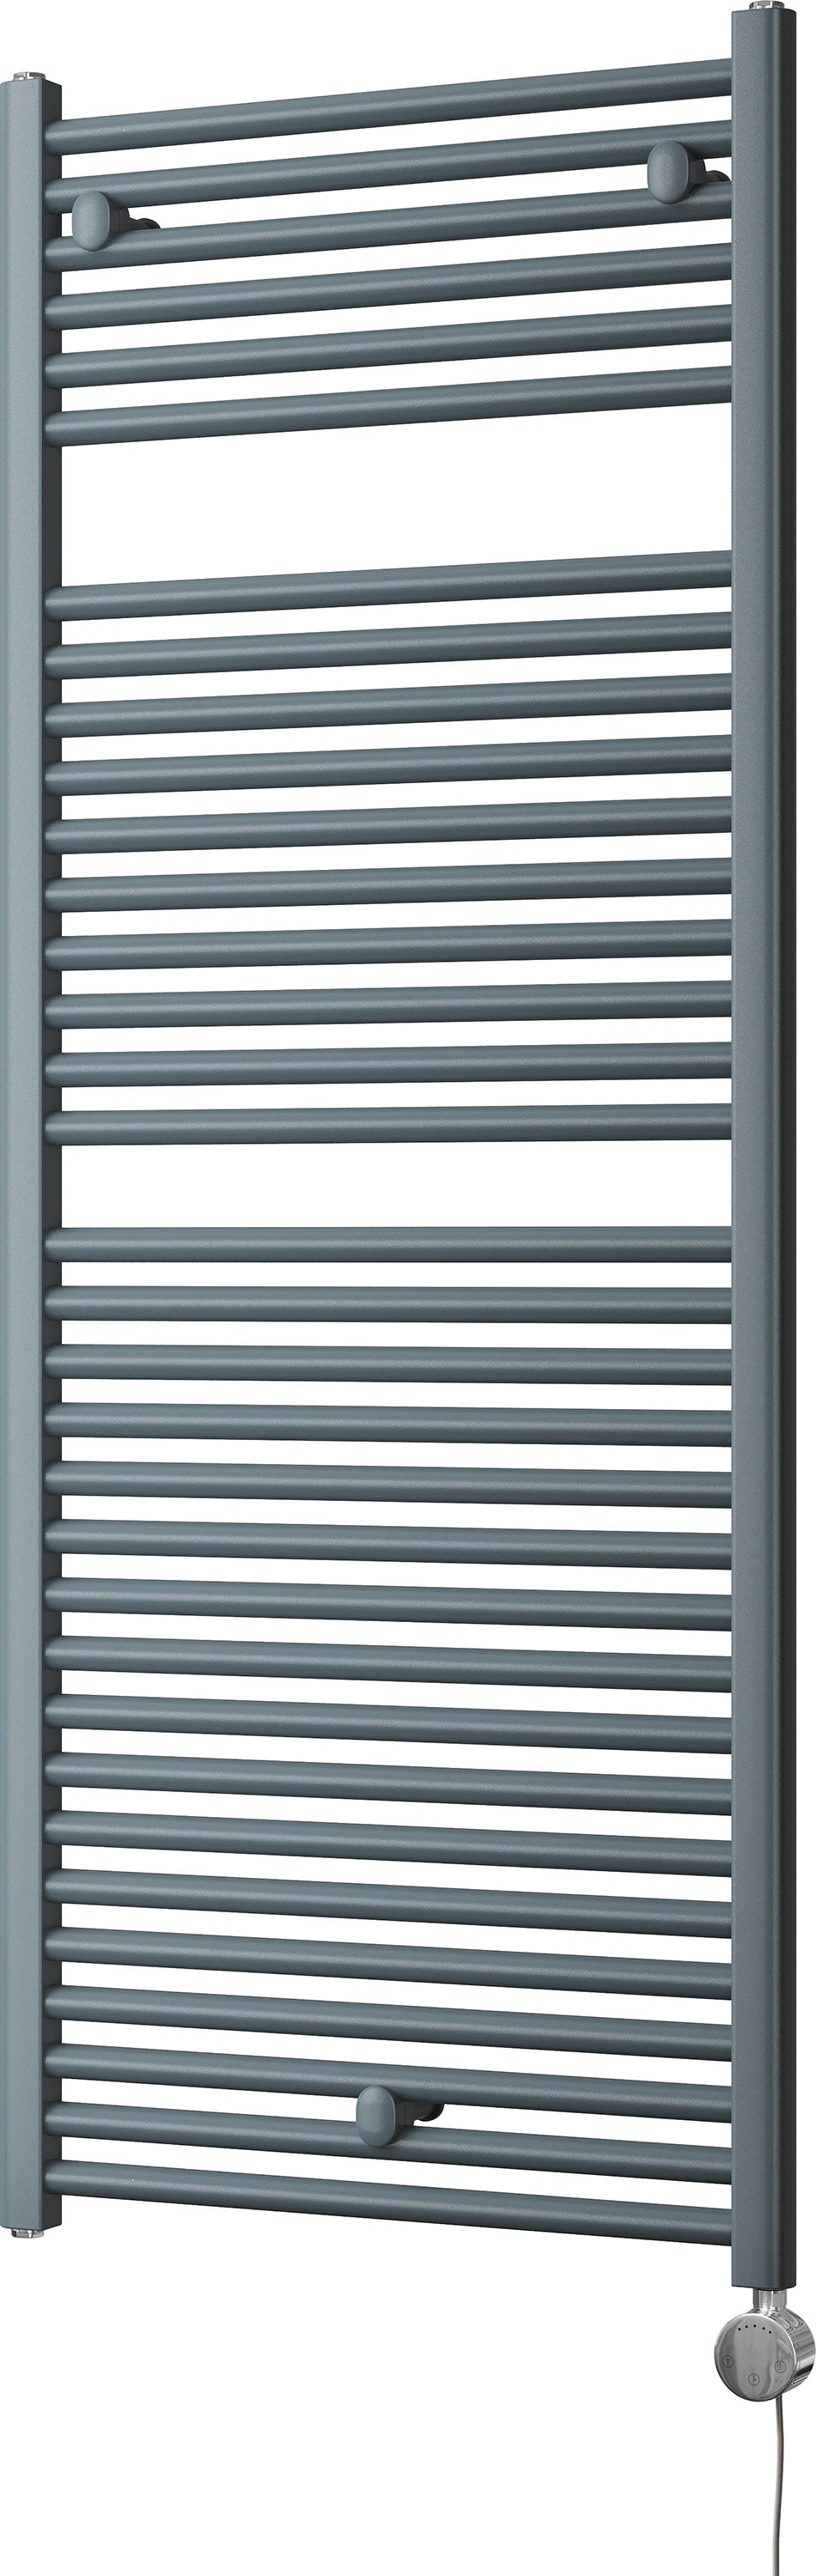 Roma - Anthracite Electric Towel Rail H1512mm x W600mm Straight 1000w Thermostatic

------------------------------------------------

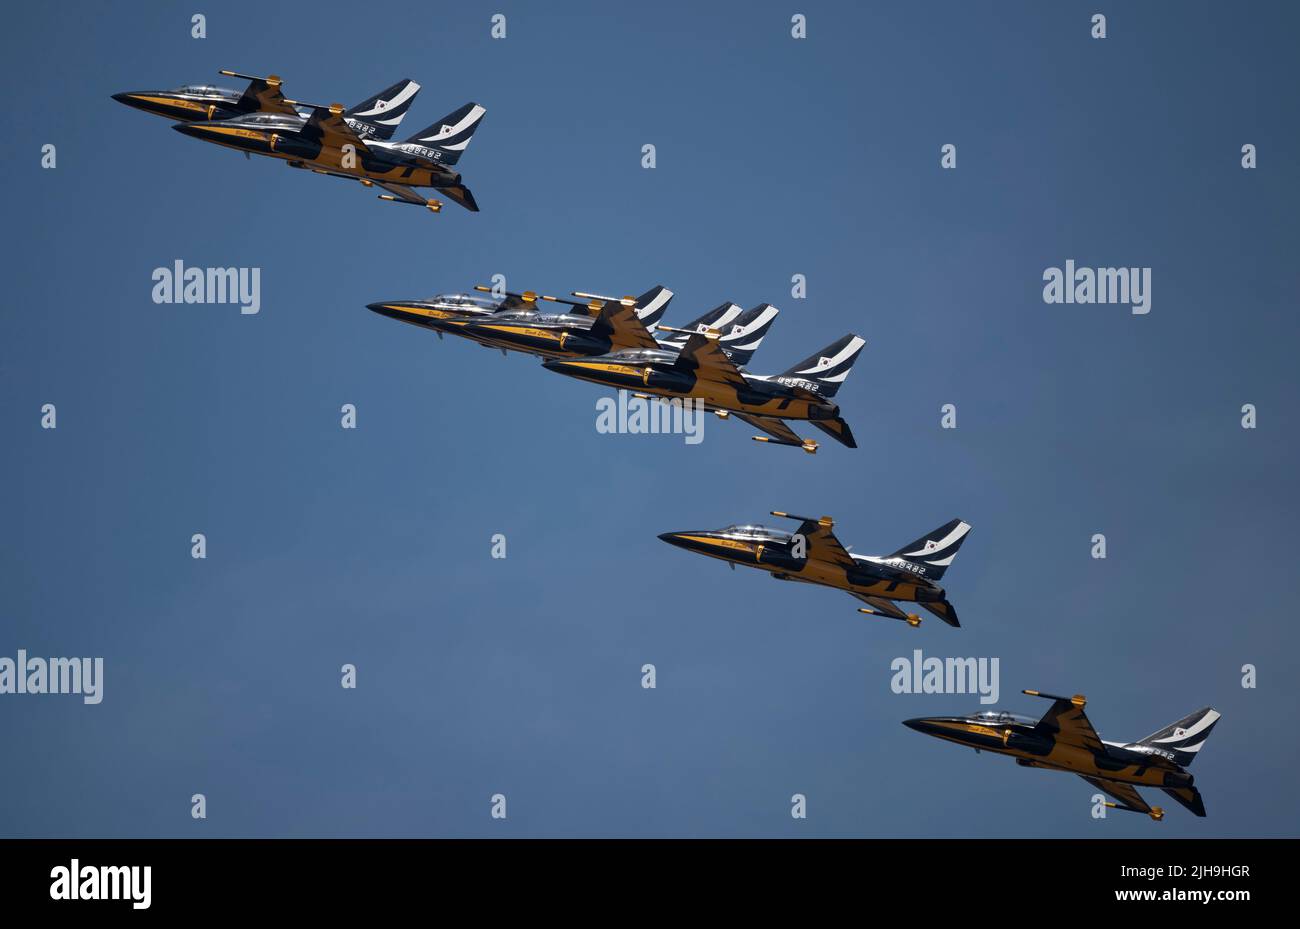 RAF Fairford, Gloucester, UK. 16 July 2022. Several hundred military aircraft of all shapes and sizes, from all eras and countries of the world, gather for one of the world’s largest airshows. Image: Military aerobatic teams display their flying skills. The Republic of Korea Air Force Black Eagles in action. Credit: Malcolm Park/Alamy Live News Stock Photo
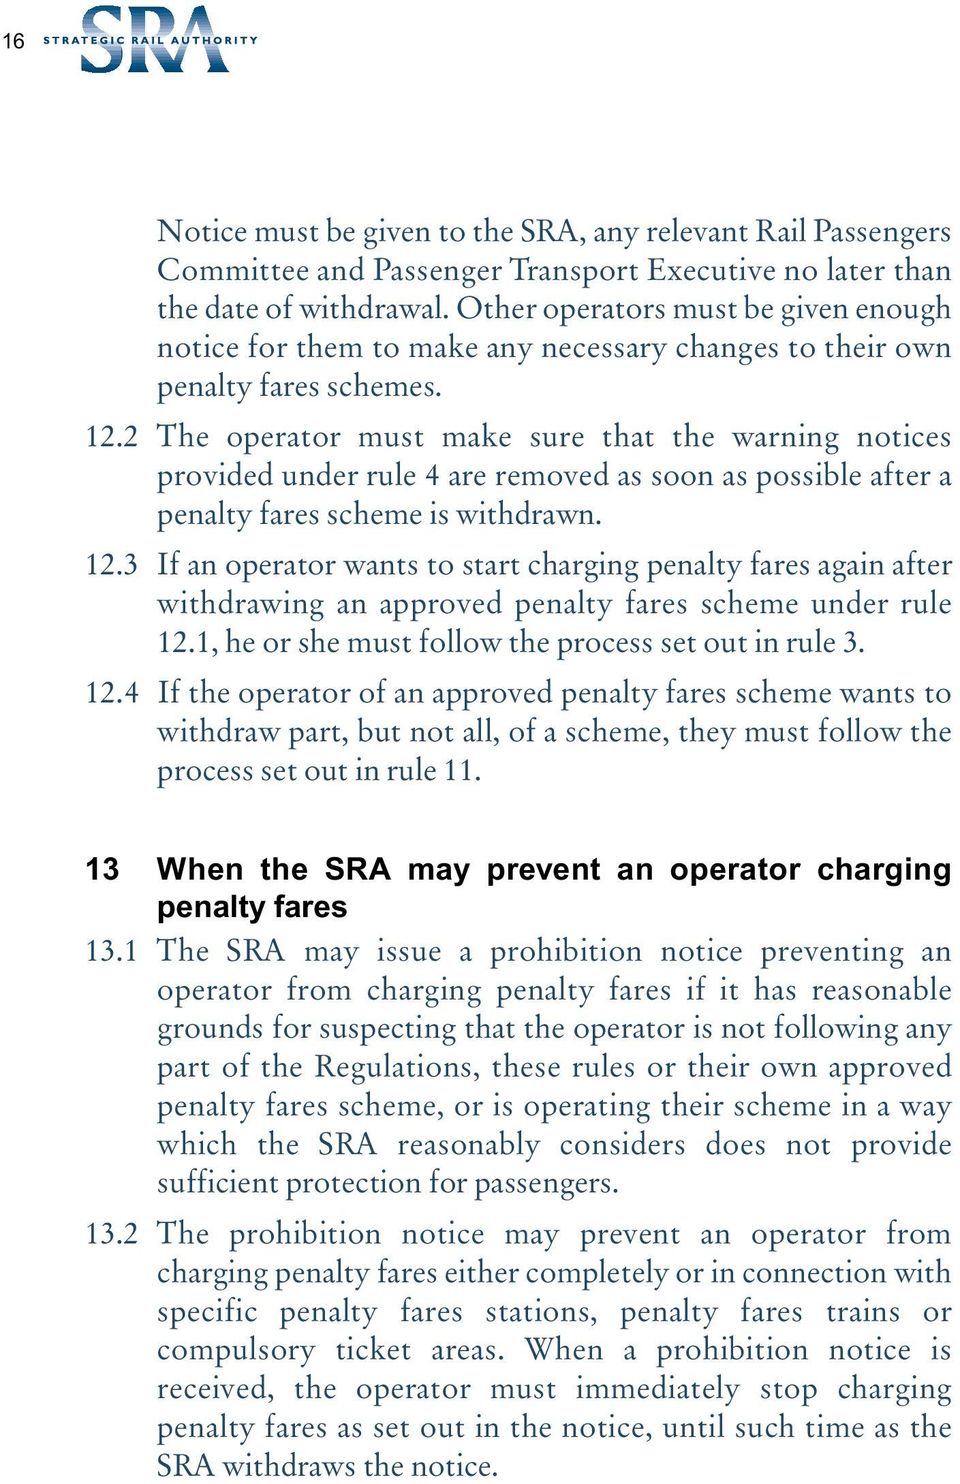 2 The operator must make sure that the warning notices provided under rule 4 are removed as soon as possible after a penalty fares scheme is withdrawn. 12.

------------------------------------------------

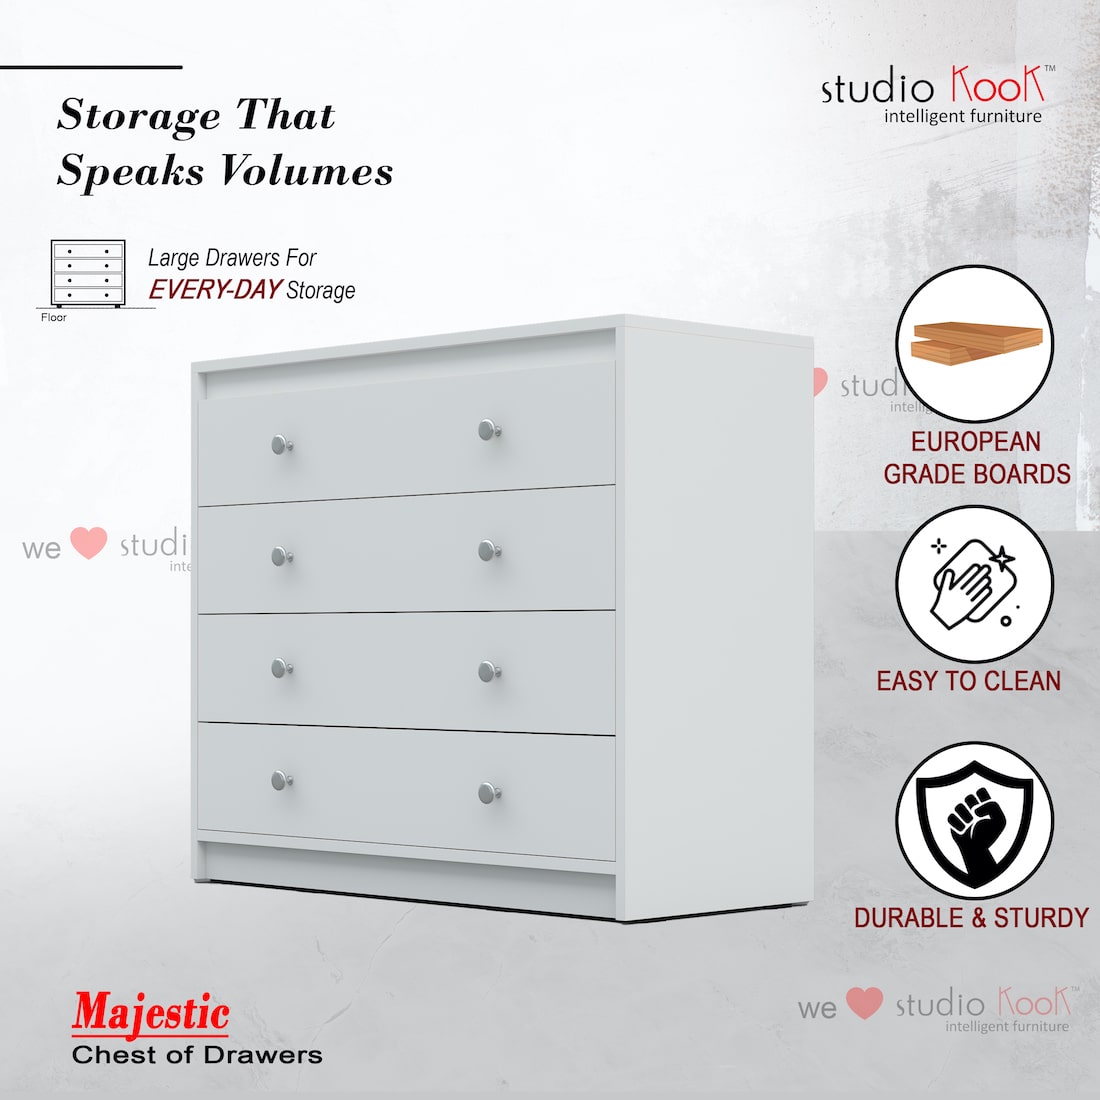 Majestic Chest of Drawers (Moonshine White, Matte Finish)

------------------------------------------------

What is needed: Nothing but the lines above, starting at the line that contains "RAF Fairford, Gloucester, UK." and ending at the line that contains "2 The operator", should be given again, exactly and without the pictures.

Output below:
 RAF Fairford, Gloucester, UK. 16 July 2022. Several hundred military aircraft of all shapes and sizes, from all eras and countries of the world, gather for one of the world’s largest airshows. Image: Military aerobatic teams display their flying skills. The Republic of Korea Air Force Black Eagles in action. Credit: Malcolm Park/Alamy Live News Stock Photo
 2 The operator must make sure that the warning notices provided under rule 4 are removed as soon as possible after a penalty fares scheme is withdrawn. 12.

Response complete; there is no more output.